À la fin du XVIIIe siècle et au début du XIXe, les membres de l'intelligentsia juive et des professions libérales, inspirés par les idées et slogans provenant de l'Europe de l'Ouest, sont de plus en plus nombreux à vouloir se joindre au mouvement. Herz Homberg, arrivé à Lwów,en 1788 est considéré comme un pionnier parmi les membres de la Haskala. Avec le support des autorités autrichiennes, il réussit à établir une école normale et une école élémentaire publique, où les cours sont faits en allemand de façon à germaniser l'élite juive. Toutefois Homberg rencontre une forte résistance des membres hassidiques et orthodoxes de la communauté, si bien qu'il décide de quitter Lemberg en 1797[9].

Synagogue Temple de la communauté réformée

Une caractéristique des Maskilim (partisans de la Haskala) de Lemberg est de limiter l'attractivité du mode de vie traditionnel juif, non pas en le critiquant ouvertement ou en le combattant, mais en prônant l'éducation des jeunes. Ils se distinguent aussi par leur fort attachement à la langue hébraïque, non comme langue strictement religieuse, mais aussi comme langue de la littérature, de la culture et des sciences. Dans la première moitié du XIXe siècle, les Maskilim de Lemberg comptent plusieurs personnes renommées de la science et de la culture juive: le philosophe et théologien Nachman Krochmal, le rabbin Solomon Judah Loeb Rapoport, le satiriste Isaac Erter et l'écrivain et éducateur Joseph Perl. À partir de 1840, les Maskilim ont leurs propres représentants au sein des organes dirigeants de la communauté. En 1843, ils ouvrent un orphelinat et créent une école juive avec un programme scolaire en quatre ans. L'importance grandissante du mouvement de la Haskala parmi les juifs de Lemberg est la construction de leur propre synagogue en 1846 située sur la Vieille place.
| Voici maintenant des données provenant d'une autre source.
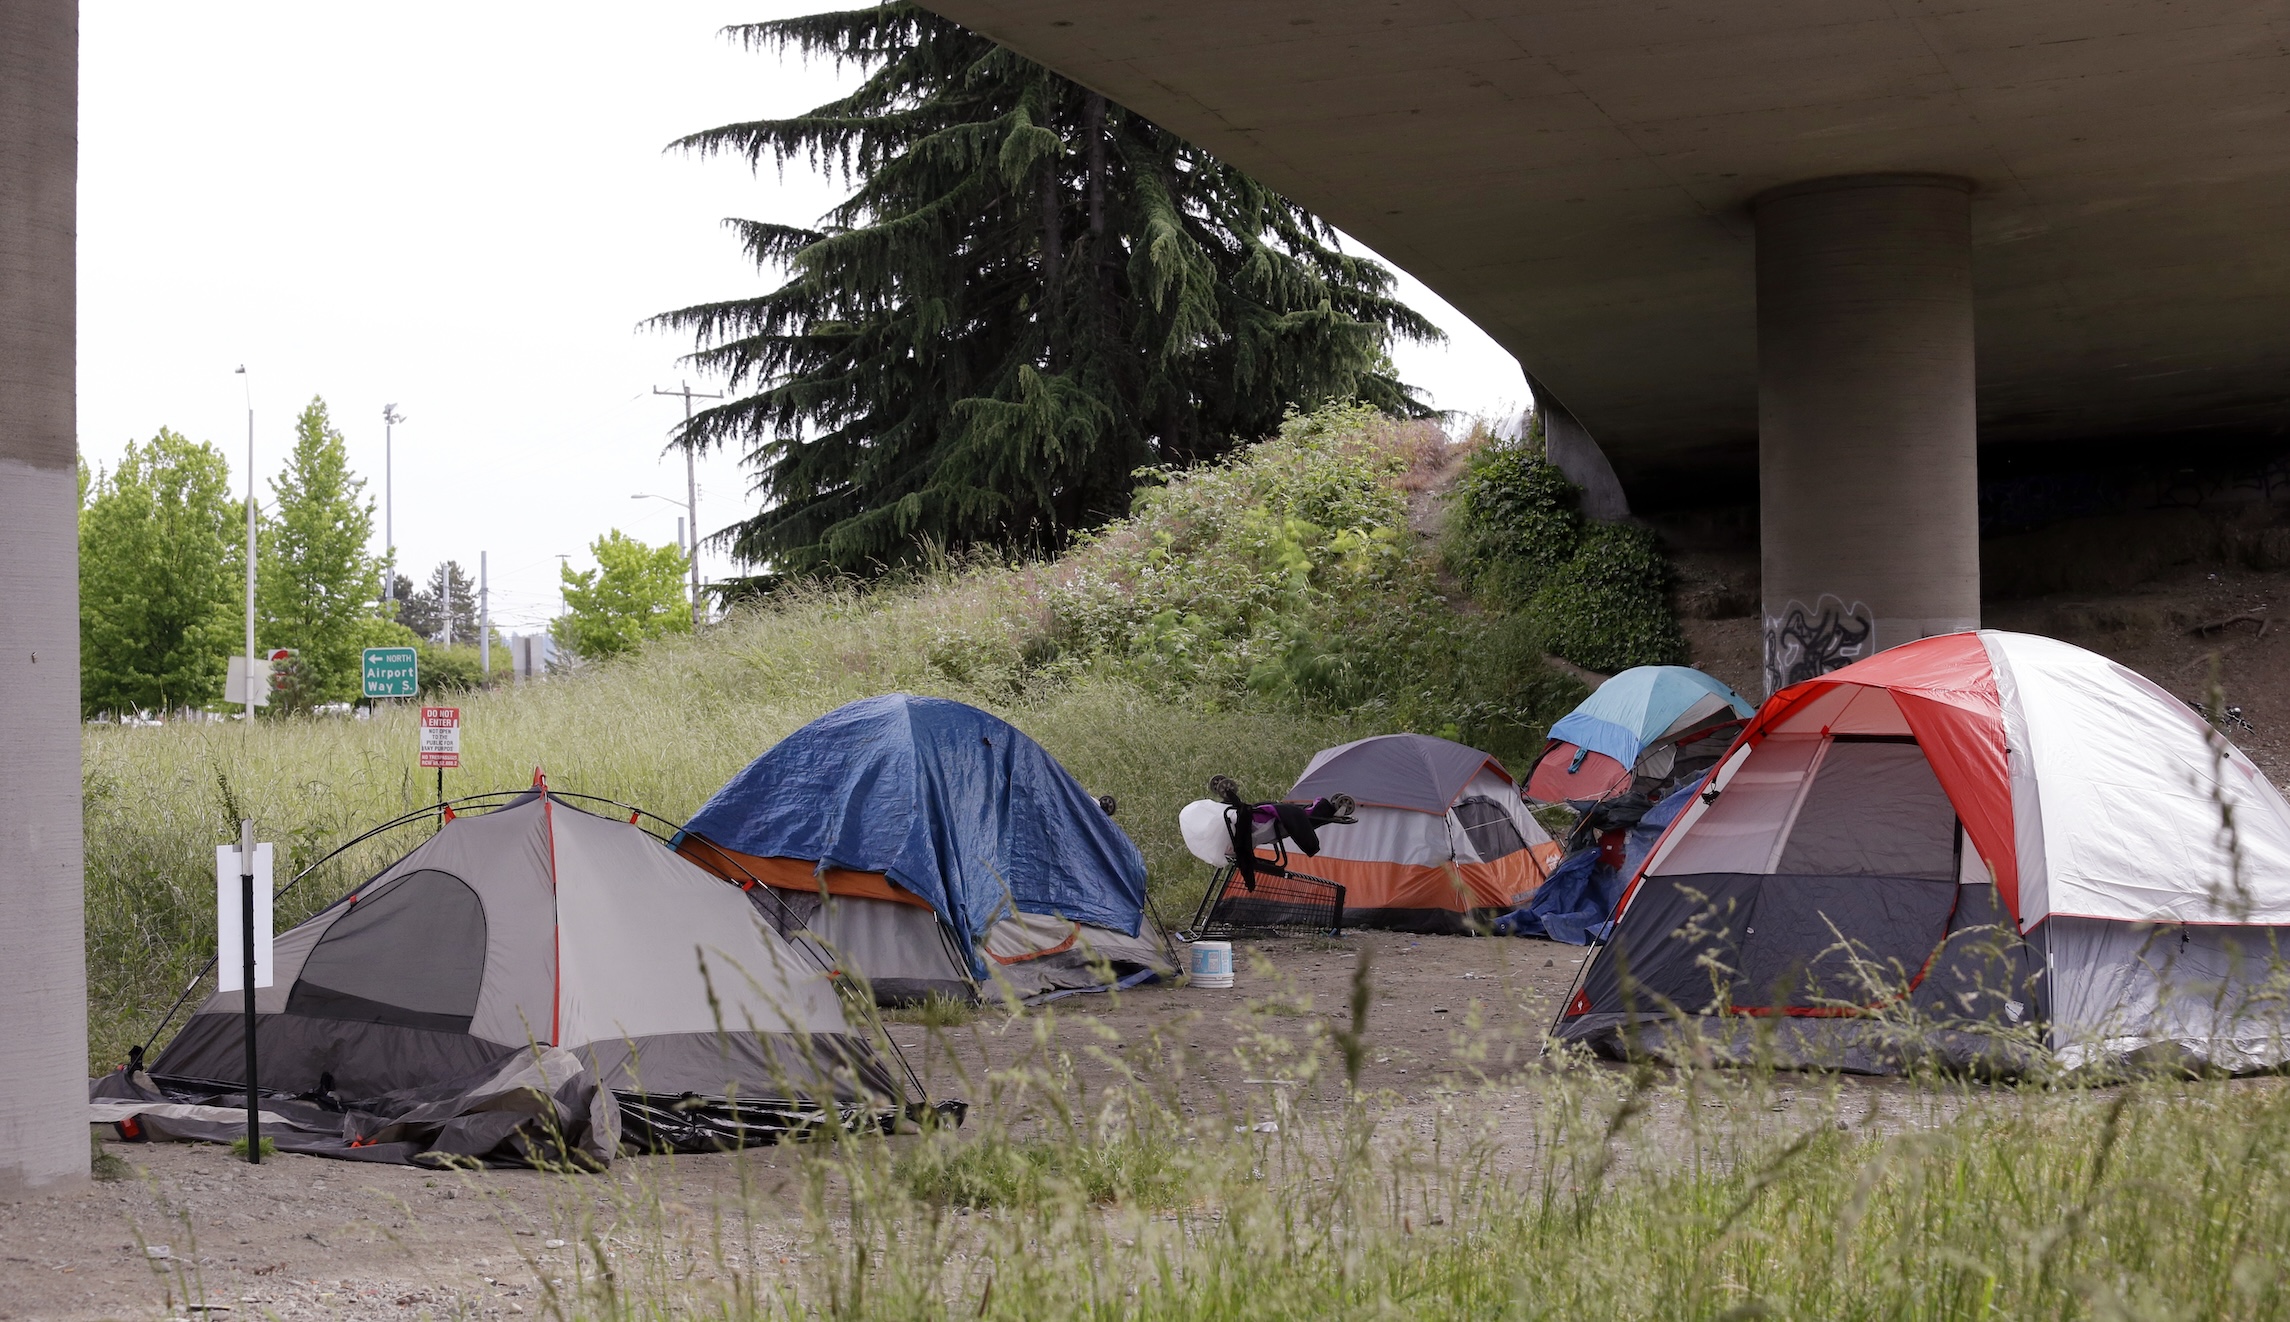 Seattle-area sheriff calls on police force not to enforce city’s homeless encampment legislation

La propagation rapide de cette nouvelle idéologie n'échappe pas à l'attention des Hassidim et des orthodoxes. En 1838, le rabbin hassidique Israel Friedmann de Ruzhin et le rabbin Jacob Ornstein de Lemberg, représentant chacun leur mouvement forment une alliance. Le nombre de hassidim croit alors de façon substantielle conduisant à la construction de leur synagogue place saint-Théodore. Le conflit entre d'un côté les hassidim et les orthodoxes et de l'autre les progressistes entraine en 1848 l'assassinat par empoisonnement du grand-rabbin libéral de Lemberg, Abraham Kohn, par Abraham Ber Pilpel, engagé par un groupe de fanatiques religieux[10].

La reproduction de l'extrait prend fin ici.